Yergin touches on the future of renewables, noting that wind and solar are increasingly being framed as tools of energy diversification and security rather than purely climate solutions. He also discusses U.S. LNG export capacity, which he sees as likely to grow significantly with Qatar partially sidelined, and U.S. shale production, which he views as durable for at least the next few decades, though not guaranteed indefinitely. He acknowledges the ESG rebrand toward 'infrastructure' investing as a way capital continues to flow into energy while sidestepping political baggage.
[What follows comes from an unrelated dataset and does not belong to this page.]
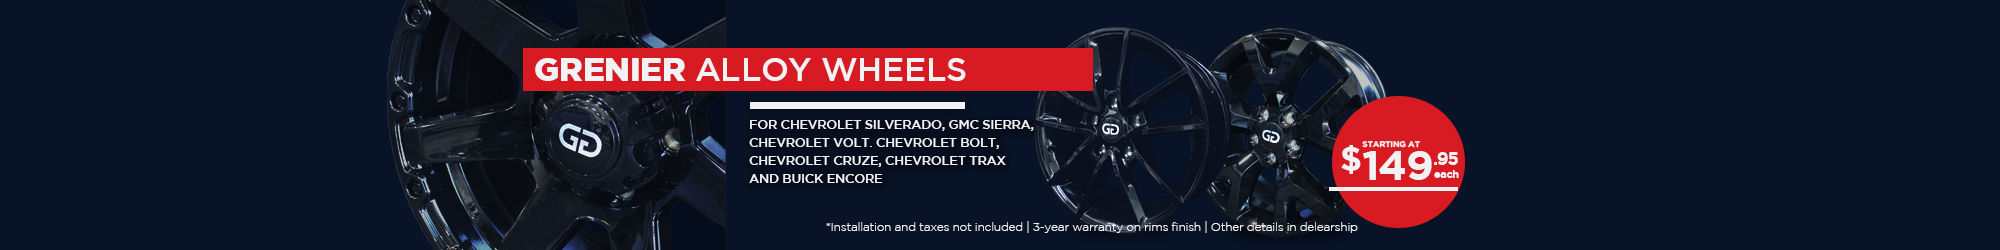 GRENIER alloy wheels - ALL (OCCASION)
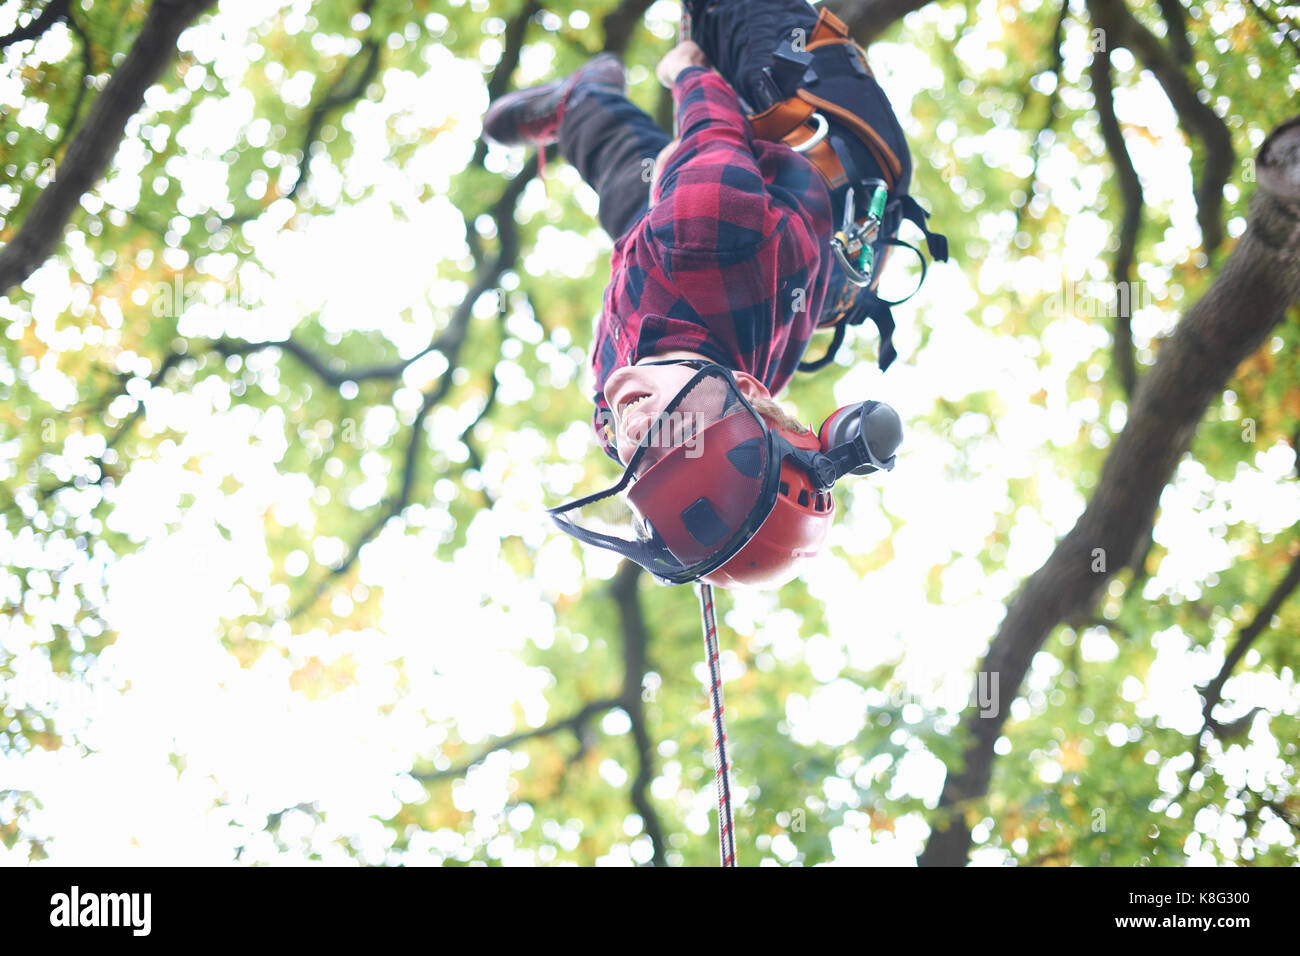 Trainee teenage male tree surgeon hanging upside down from tree branch - Stock Image

The episode closes with a lighthearted discussion about the TV show Landman and a campaign to get Yergin a cameo in season three.
Key Insights
- Yergin argues the Strait of Hormuz closure was 'the mother of all supply chain shocks,' a scenario war-gamed for decades that people assumed would never actually happen — and that its occurrence has permanently changed how the world thinks about energy security.
- Yergin claims there was an unprecedented divergence between futures prices (which priced in a quick resolution) and physical/dated Brent prices (which reflected real dislocations), representing 'two different visions of the world' simultaneously.
- Yergin contends that the crisis revealed how underappreciated Gulf exports beyond oil are — including fertilizer, petrochemicals, sulfur, and helium critical to Taiwan's semiconductor industry — exposing the depth of global dependency on the region.
- Yergin argues that Iran's drone capabilities were the enabling factor that allowed a country with roughly half the GDP of Belgium to assert control over the world's most critical oil chokepoint, drawing a parallel to Ukraine as a 'beta test' for this new mode of warfare.
- Yergin claims that even after a ceasefire, oil markets could take a couple of months to rebalance and the broader supply chain disruption — including petrochemicals and refinery damage — could take as long as two-thirds of a year to fully clear.
- Yergin asserts that the global shift from efficiency-optimized supply chains toward security, resilience, and localization is inherently inflationary, reversing a decades-long trend of globalization-driven cost reduction.
- Yergin argues that AI's energy demands have driven a renaissance in nuclear investment, with major tech companies funding small modular reactors and fusion startups because they see nuclear as essential to meeting data center power needs.
- Yergin contends that Iran's ability to close the Strait — regardless of the war's outcome — introduces a new and durable risk premium into global energy markets, and that Gulf countries like Saudi Arabia will find Iranian toll collection over the Strait politically intolerable.